一.概述及设计目标
分布式文件系统是为了让文件多副本存储,当某个节点瘫痪,在另外的节点可以访问到副本,提高系统可靠性。这是传统的设计方法。但也存在缺点:
1)不管文件多大,都存储在一个节点上,在进行数据处理的时候很难进行并行处理,节点成为网络瓶颈,很难进行大数据处理;
2)存储负载不均衡,每个节点利用率很低
什么是HDFS?
Hadoop实现了一个分布式文件系统(Hadoop Distributed File System),简称HDFS
源于Google的GFS论文
HDFS的设计目标
巨大的分布式文件系统
运行在普通廉价的硬件上
易扩展
架构图:
一个文件会被拆分成多个Block
blocksize:128M
130M==>2个Block:128M 和 2M
NN:
1)负责客户端请求的响应
2)元数据的管理
DN:
1)存储用户的文件对应的数据块(Block)
2)要定期向NN发送心跳信息,汇报本身及其所有的block信息,健康状况
一个典型的部署架构是运行一个NameNode节点,集群里每一个其他机器运行一个DataNode节点。
实际生产环境中建议:NameNode、DataNode部署在不同节点上。
二.单机的伪分布式集群搭建
环境:Centos7
1.jdk安装
省略
2.安装SSH
sudo yum install ssh
ssh-keygen -t rsa
cp ~/.ssh/id_rsa.pub ~/.ssh/authorized_keys
3.安装hadoop
1)官网下载,我选择的版本是第三方商业化版本cdh,hadoop-2.6.0-cdh5.7.0。

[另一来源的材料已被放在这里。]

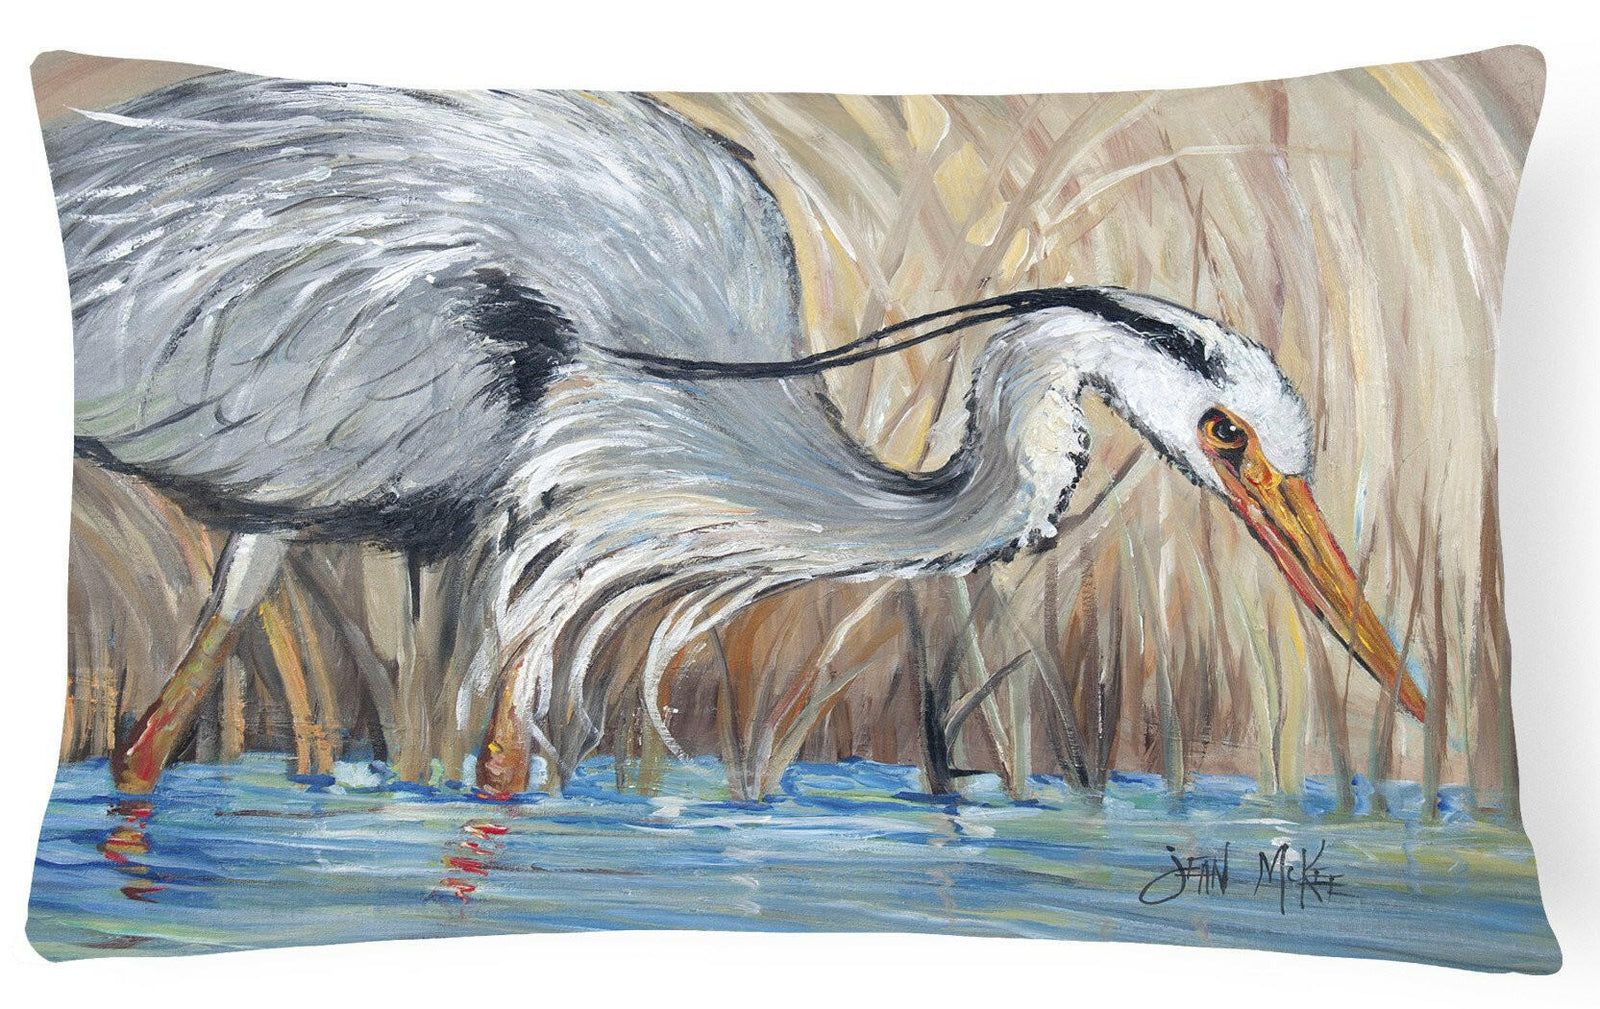 Blue Heron in the reeds Canvas Fabric Decorative Pillow JMK1013PW1216 by Caroline's Treasures

2)解压 tar -zxvf hadoop-2.6.0-cdh5.7.0.tar.gz -C ~/app/
4.配置文件修改
etc/hadoop/core-site.xml:
<configuration>
<property>
<name>fs.defaultFS</name>
<value>hdfs://192.168.56.102:8020</value>
</property>
<property>
<name>hadoop.tmp.dir</name>
<value>/root/app/tmp</value>
</property>
</configuration>
hdfs-site.xml:
<configuration>
<property>
<name>dfs.replication</name>
<value>1</value>
</property>
</configuration>
5.启动hdfs
格式化(第一次执行即可):
cd bin
./hadoop namenode -format
cd sbin
./start-dfs.sh
验证是否成功:
jps
Jps
SecondaryNameNode
DataNode
NameNode
或者浏览器验证:http://192.168.56.102:50070
6.停止hdfs
cd sbin
./stop-dfs.sh
三.Java API操作HDFS文件
IDEA+Maven创建Java工程
添加HDFS相关依赖–pom.xml
<?xml version="1.0" encoding="UTF-8"?>
<project xmlns="http://maven.apache.org/POM/4.0.0" xmlns:xsi="http://www.w3.org/2001/XMLSchema-instance"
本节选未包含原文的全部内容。